Members of NASA’s Perseverance rover team react in mission control after receiving confirmation the spacecraft successfully touched down on Mars, Thursday, Feb. 18, 2021, at NASA’s Jet Propulsion Laboratory in Pasadena, California.
Cheers erupted in mission control at NASA’s Jet Propulsion Laboratory as controllers confirmed that NASA’s Perseverance rover, with the Ingenuity Mars Helicopter attached to its belly, has touched down safely on Mars. Engineers are analyzing the data flowing back from the spacecraft.
A postlanding briefing is expected at 5:30 p.m. EST (2:30 p.m. PST) on NASA TVandYouTube.
This illustration shows NASA’s Mars 2020 spacecraft carrying the Perseverance rover as it approaches Mars. Hundreds of critical events must execute perfectly and exactly on time for the rover to land on Mars safely on Feb. 18, 2021. Image Credit: NASA/JPL-Caltech
NASA’s Mars 2020 Perseverance rover, with the Ingenuity Mars Helicopter attached to its belly, is on target to touch down gently on the Red Planet around 3:55 p.m. EST (12:55 p.m. PST) today, Feb. 18, 2021.
The entry, descent, and landing team started on console at mission control at NASA’s Jet Propulsion Laboratory at 8:30 a.m. EST (5:30 a.m. PST) this morning. They are preparing for the spacecraft to start blazing through the Martian atmosphere at around 3:48 p.m.

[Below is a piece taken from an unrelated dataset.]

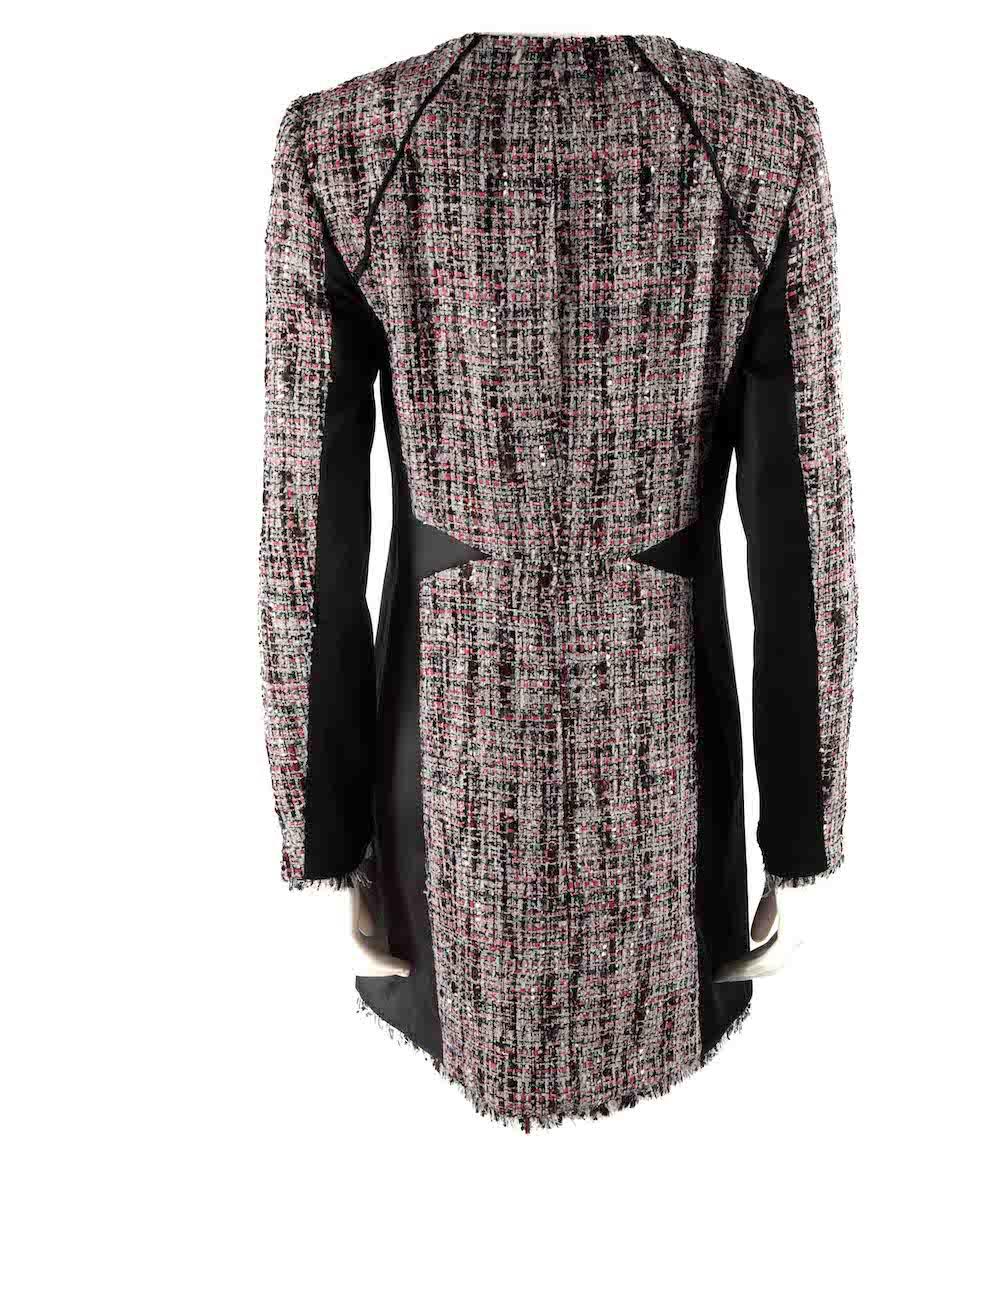 Karl Lagerfeld Tweed Bouclé Panelled Coat Size M In Good Condition For Sale In London, GB

EST (12:48 p.m. PST). At the time of landing, Mars will be 127 million miles (204 million kilometers) from Earth. At this distance, the one-way light time – the amount of time for a signal to get from Perseverance to Earth – is 11 minutes, 22 seconds.

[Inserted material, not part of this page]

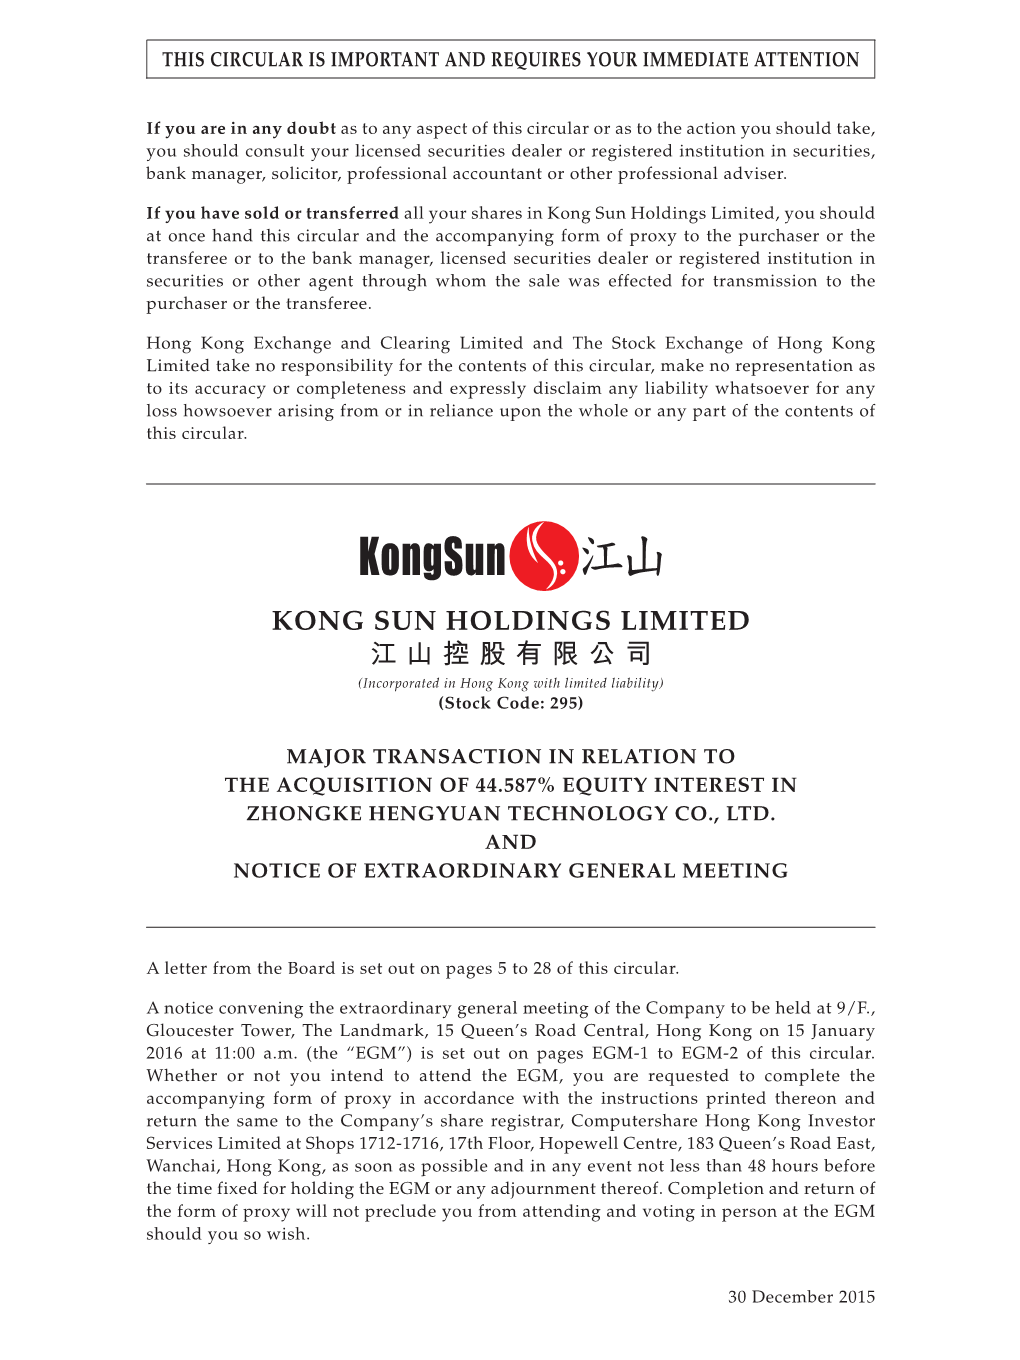 KONG SUN HOLDINGS LIMITED 江山控股有限公司 (Incorporated in Hong Kong with Limited Liability) (Stock Code: 295)

A special landing livestream for students will start at 12:30 p.m. EST (9:30 a.m. PST), and the live landing commentary show starts at 2:15 p.m. EST (11:15 a.m. PST). For more information about how to watch these shows, visit the mission’s watch online page.
In anticipation of the targeted landing of NASA’s Perseverance rover on Feb. 18, 2021, the Empire State Building in New York began lighting its tower red on Tuesday, Feb. 16, starting at sunset. Photo Credit: (NASA/Emma Howells)
NASA’s Perseverance rover, with the Ingenuity Mars Helicopter attached to its belly, is on track to land on the Red Planet tomorrow, Feb. 18, 2021. Since launch, it has traveled over 291 million miles (468 million kilometers), and has about 1,260,000 miles (2,035,000 kilometers) left on its journey to Mars. Mission controllers expect to receive confirmation on Feb. 18 that it has hit the top of the Martian atmosphere at around 3:48 p.m. EST (12:48 p.m. PST) and touched down gently on the surface at around 3:55 p.m. EST (12:55 p.m. PST).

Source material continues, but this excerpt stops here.